Uno de los libros que más hondo me ha calado en los últimos años es Encuentros en Oaxaca, de
Carlos Montemayor. Publicado por Aldvs en 1998, es una suerte de bitácora que responde a
muchas preguntas, pero sobre todo a dos: ¿para qué sirve un escritor? ¿Cómo fue que
Montemayor salió de ese aislamiento que suele caracterizar a los escritores para internarse en la
selva de la realidad mexicana?
Trazo en mi cabeza un perfil de don Carlos en 1983: es un muchacho de 35 años
enfocado más en la poesía que en la narrativa, pues en este último género ha publicado sólo Las
Llaves de Urgell (1970) y Minas del retorno (1982). Ha estudiado hebreo, griego clásico, latín,
maya, francés, portugués, italiano e inglés. Falta un par de años para que ingrese en la Academia
Mexicana de la Lengua. Justo en ese momento recibe una invitación para impartir talleres
literarios con poetas zapotecas y chinantecas.
Encuentros en Oaxaca es la bitácora que Montemayor llevó durante la época en que
impartió esos talleres. El tono impersonal con que comienzan los apuntes no tarda en deslizarse a
la reflexión y luego a la confesión. En esa metamorfosis reside el enorme valor de este libro.

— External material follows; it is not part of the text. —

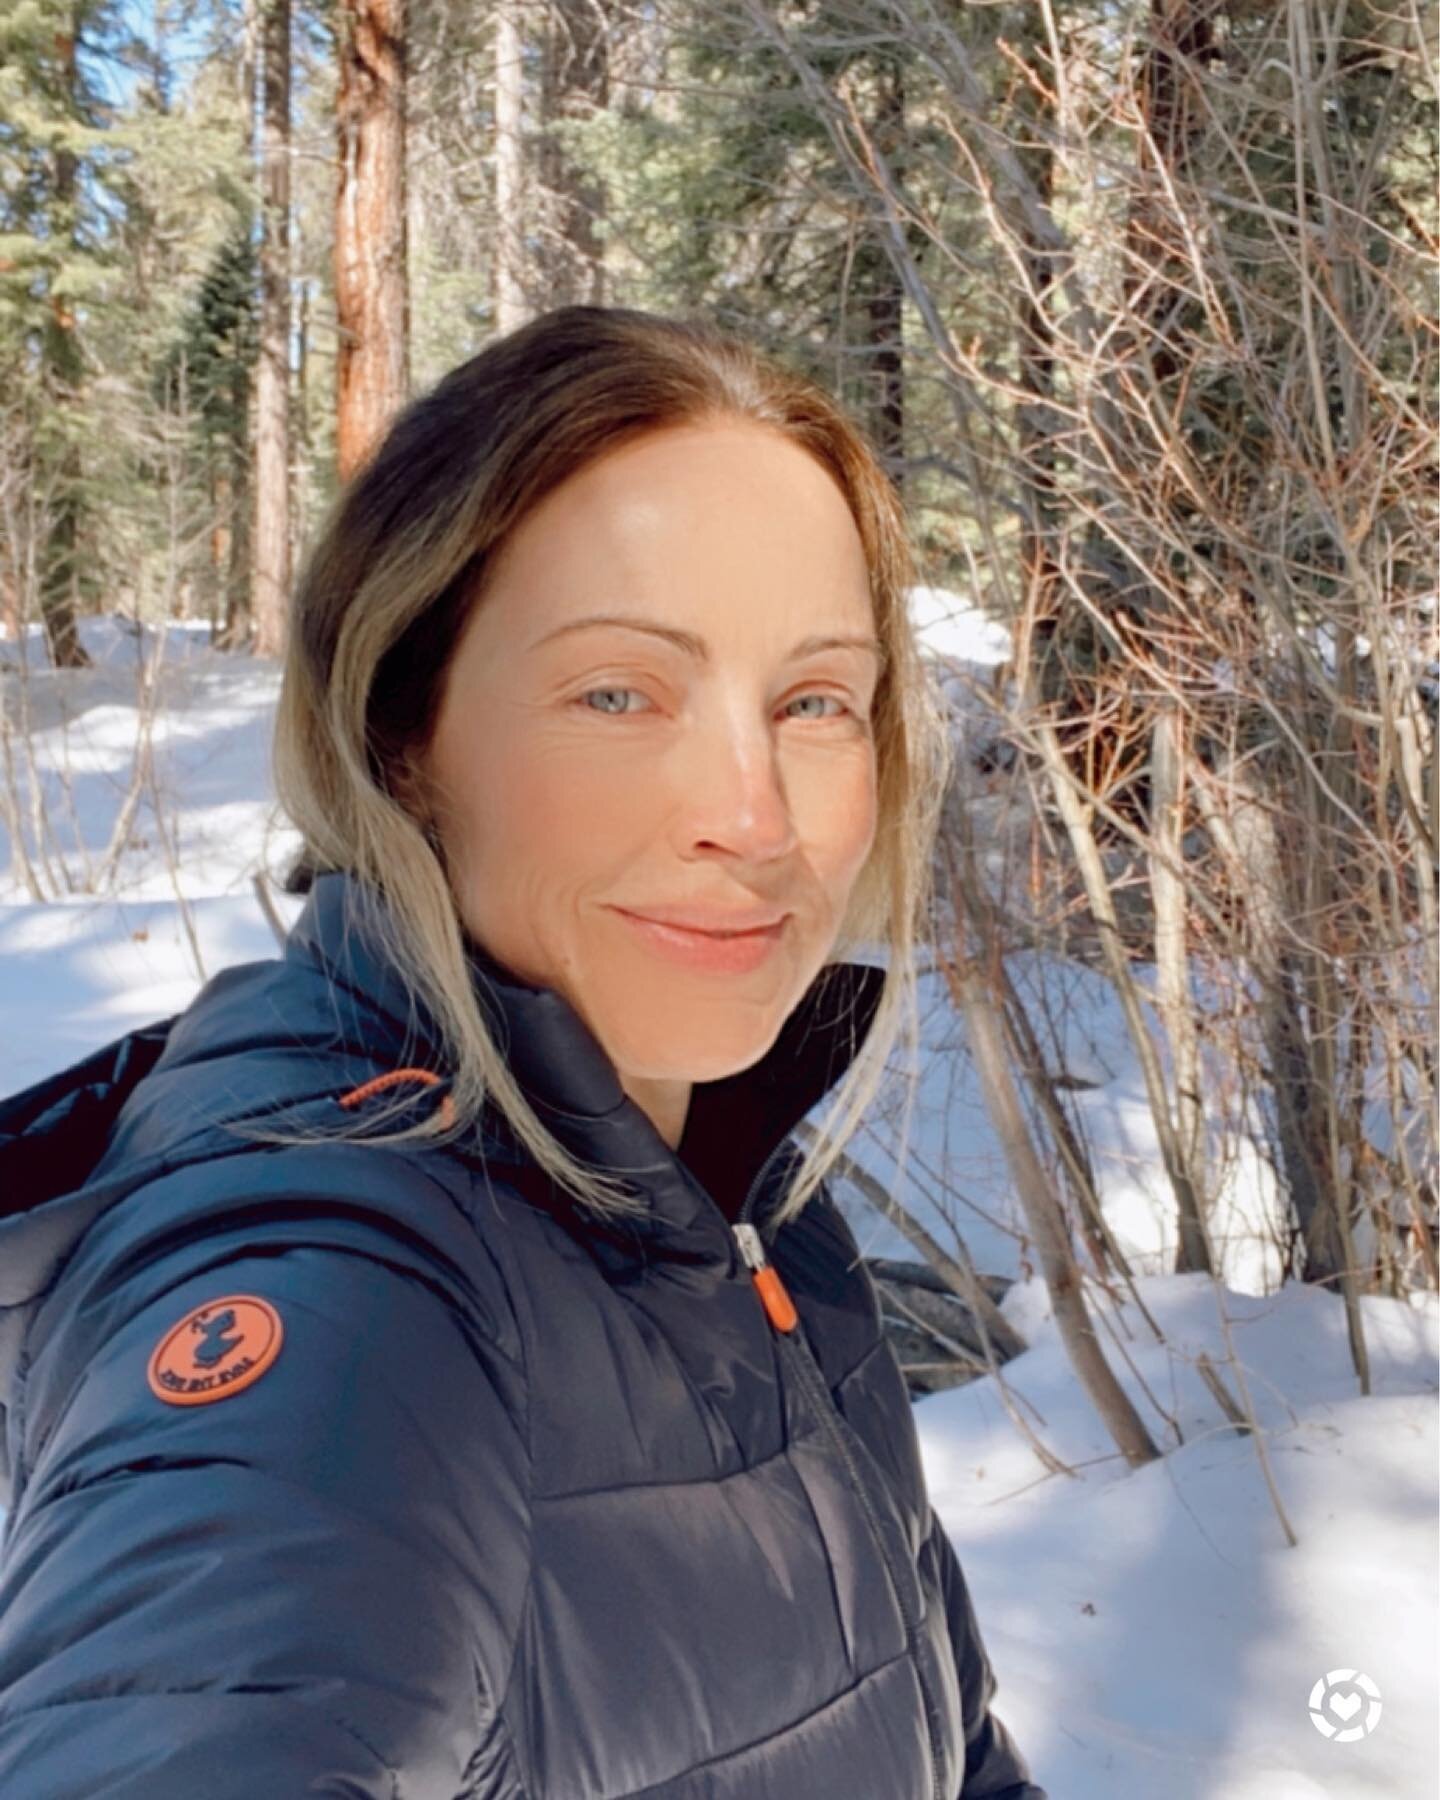 Just out here on the woods in my @save_the_duck feather free coat feeling super superior because no animal was harmed. So there 😛 

#shopvetted #savetheduck #featherfree #animalfree #noanimalsharmed #crueltyfree #crueltyfreefashion #savetheanimals #

Asistimos a las transformaciones internas de don Carlos, quien busca asimilarse al sitio y no
verse a sí mismo como un forastero, sólo para admitir que llegó con otra idea, con una fantasía
de lo que iba a encontrar. Conforme los encuentros se suceden, se desata en el autor una crisis
vital que se profundiza al grado en que acaba cuestionándose si el oficio de escritor sirve para
algo en términos humanos, pues a la luz de lo que ve en Oaxaca le parecen inútiles muchas de las
dinámicas actuales de los escritores.
Cuando leí este libro, me fue imposible no sentirme identificado: vivía yo en la sierra de
Guerrero y desde allá muchas prácticas del ambiente literario me parecían afectadas, viciadas,
atoradas en debates estériles. Tormentas en un dedal. En un país donde hay millones de niños sin
acceso a educación, donde a diario desaparecen muchachas y jóvenes por sus ideas políticas,
donde hay madres que se pasan años clavando varillas en la tierra para dar con el cadáver de su
esposo, las becas y los premios no pueden ser el objetivo. Se trata de dejar de vivir como si
fuésemos poseedores de la verdad única, como si sólo ciertos intereses y perspectivas fuesen
válidos. Como en su momento lo hizo Carlos Montemayor, me pregunto desde entonces si
mi trabajo como escritor sirve tanto el de quienes saben herrar, sembrar o producir
carbón.
En busca de sentido, el chihuahuense acudió a Juan Rulfo, quien había sido su tutor en el
Centro Mexicano de Escritores. El autor de “Luvina” le dijo que había aprendido mucho de los
pueblos originarios. Si conocemos esta historia es porque en 1983, Montemayor regresó a esos
recuerdos como una forma de buscar apoyo y concluyó que para los poetas que habitan en la
sierra y escriben en alguna lengua originaria “la literatura tiene otro valor, o es suceptible de
tener otro valor. No les importa quién soy literariamente; no les importa de quién soy amigo en
México o en Estados Unidos, ni qué poetas me gustan y cuáles no”. Además hace una anotación
que es clave, pues se advierte el germen de uno de los capítulos esenciales de su novela cumbre,
Guerra en el paraíso: “Tan absurdo como decirle a Fortino [uno de los asistentes a su taller] que
lo que hace falta es leer a Valéry o a Breton, me resulta imaginar a un troskysta universitario
asegurando a Federica o a Anastasio que la solución a sus problemas sería el conjunto de
principios con que un partido político se empeña en ver y explicar el mundo. El sentimiento de
que eso estorba, de que eso es una construcción ficticia, me hace considerar inútiles muchas de
las actividades y afanes de los escritores de este tiempo”.